Sometimes more than one unexplained pure LD case (where LD is the only symptom) appears in the same family tree so there must be other genes causing LD that are yet to be identified. However, no family has yet been found with more than two pure LD cases – and this is a problem as, to isolate the responsible gene, researchers need several gene carriers in the same family. As often with genetic dystonia research the problem may be one of low “penetrance” - this means that only a small proportion of those who carry the gene actually develop symptoms of dystonia and, as a result, it is hard to find family trees with many cases.
A promising solution to this is to use a test called a temporal discrimination threshold. This is a simple cognitive test in which people with focal dystonia respond less quickly than a healthy control group. Helpfully, it appears that those who carry dystonia-causing genes but who have not developed symptoms of dystonia (this is called “non-manifesting”) also perform more slowly on this test – so it may be a quick and cost efficient method of identifying more carriers of the LD gene. This has yet to be proven but, if it is right, then the test may be able identify enough carriers of the LD causing gene to isolate it. Once the gene is identified, researchers can look what the gene does and explore the mechanisms that lead to LD with the hope this may lead in time to new treatments.

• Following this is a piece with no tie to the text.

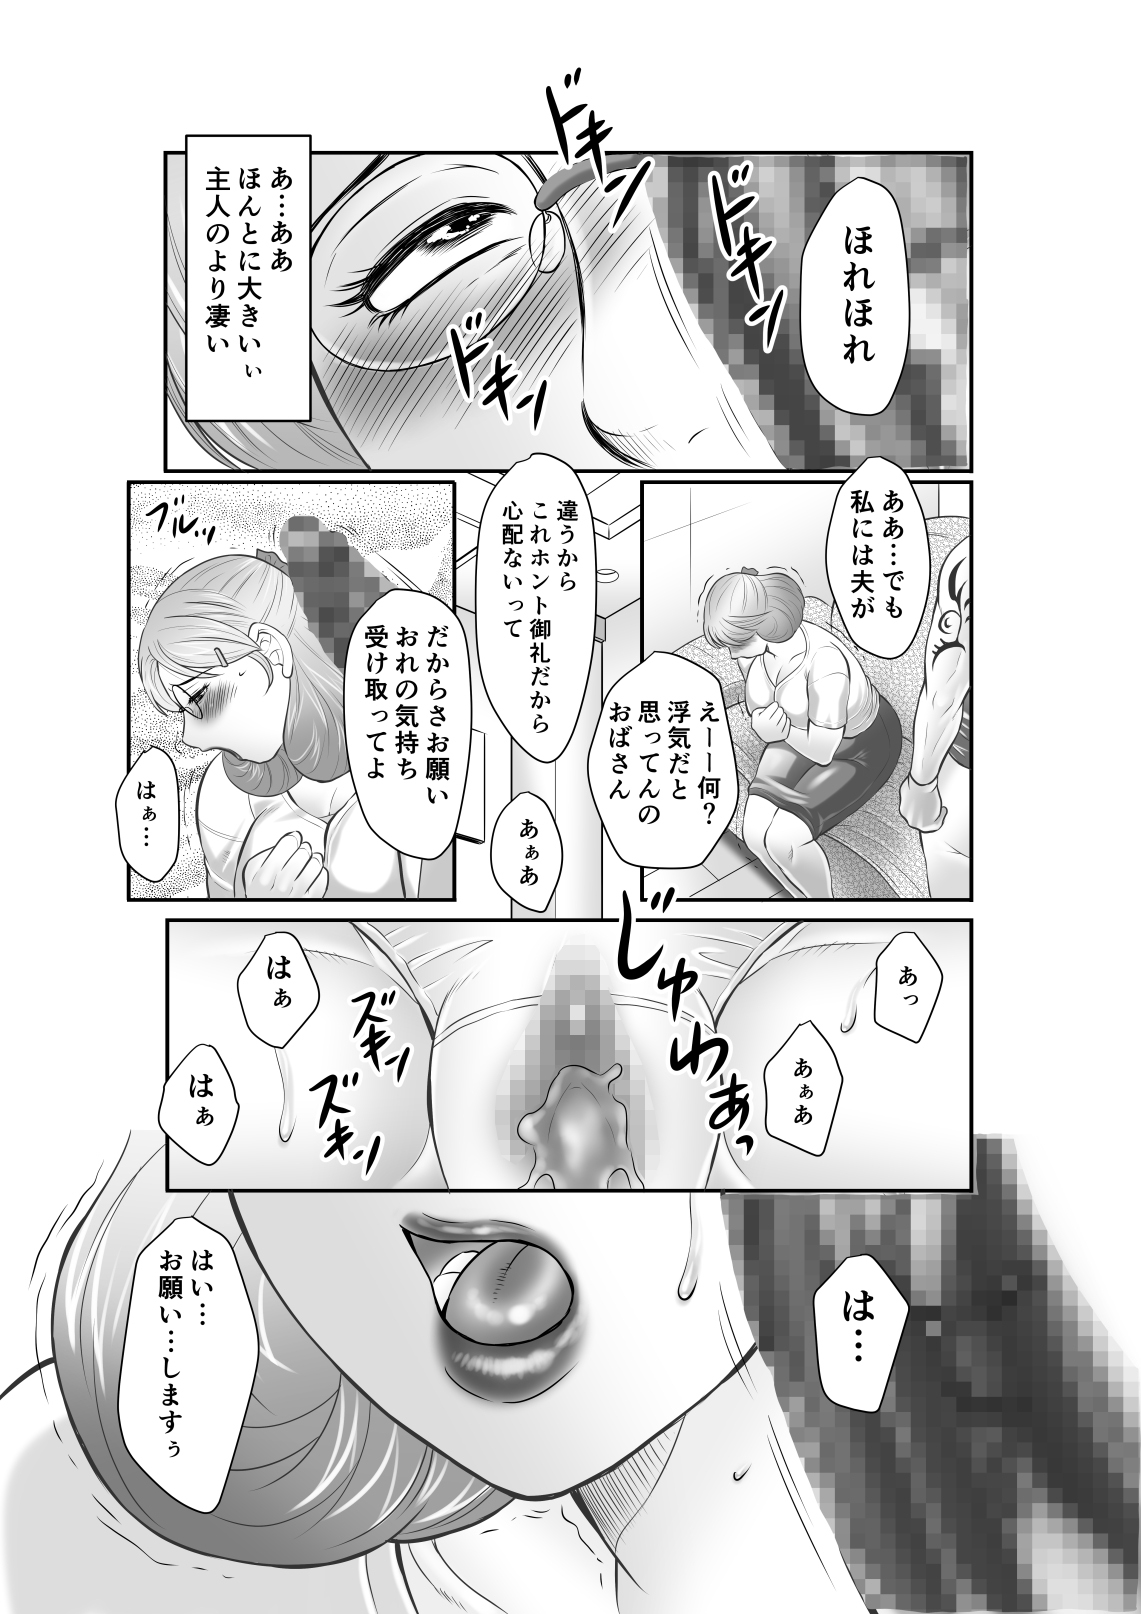 Fuusen Club - Inka no Shizuku Nikubenki Sayako 35sai vol.1 (Dewdrops of the Lewd Flower – Sex Object Sayako, Age 35)

One question is, if many people carry the LD causing gene without developing LD, then what causes LD to appear some cases. Dr Caroline Tanner has used employment health insurance records to compare the employment and medical histories of people with LD with healthy controls. She found that people with LD were more likely to have worked in professions which require continual use of the voice and also to have been to doctor with a throat infection. More work needs to be done in this area – one possible route is to identify non-manifesting gene carriers using the temporal discrimination threshold and then compare their histories to those with LD.
Another approach to looking at causes of dystonia is to look for unusual activity in the brain using imaging technology such as MRI scanners. This work has found unusual activity in a number of brain areas: the basal ganglia, thalamus, cerebellum and cortex. These are all areas of the brain involved in the selection and implementation of movement. However, it remains a problem to distinguish unusual activity in the brain that is causing dystonia from unusual activity resulting from the brain trying to correct for dystonia caused in other areas.
Projects of the Dystonia Coalition
Key projects the coalition has been working on include:
- Setting up a Patient Registry. This is a registry of patients that can then be accessed by researchers looking to organise research projects. More than 3200 patients have signed up so far – if you interested in signing up you can access the registry in the “About dystonia” menu on our website.
- Developing a bio-repository. This is a more detailed database of information about patients and includes blood samples and videos as well as medical history. Information is provided through participating clinics.
- Developing a new rating scale to assess the severity of cervical dystonia. This is a development of the current scale (TWSTRS) to incorporate factors int currently taken into account such as tremor, retrocollis, antecollis and psychological impacts. The new scale performed well in initial tests and now needs to be validated for reliability.
- Providing grants for researchers to develop projects.
Twenty research papers have so far resulted from the work of the coalition.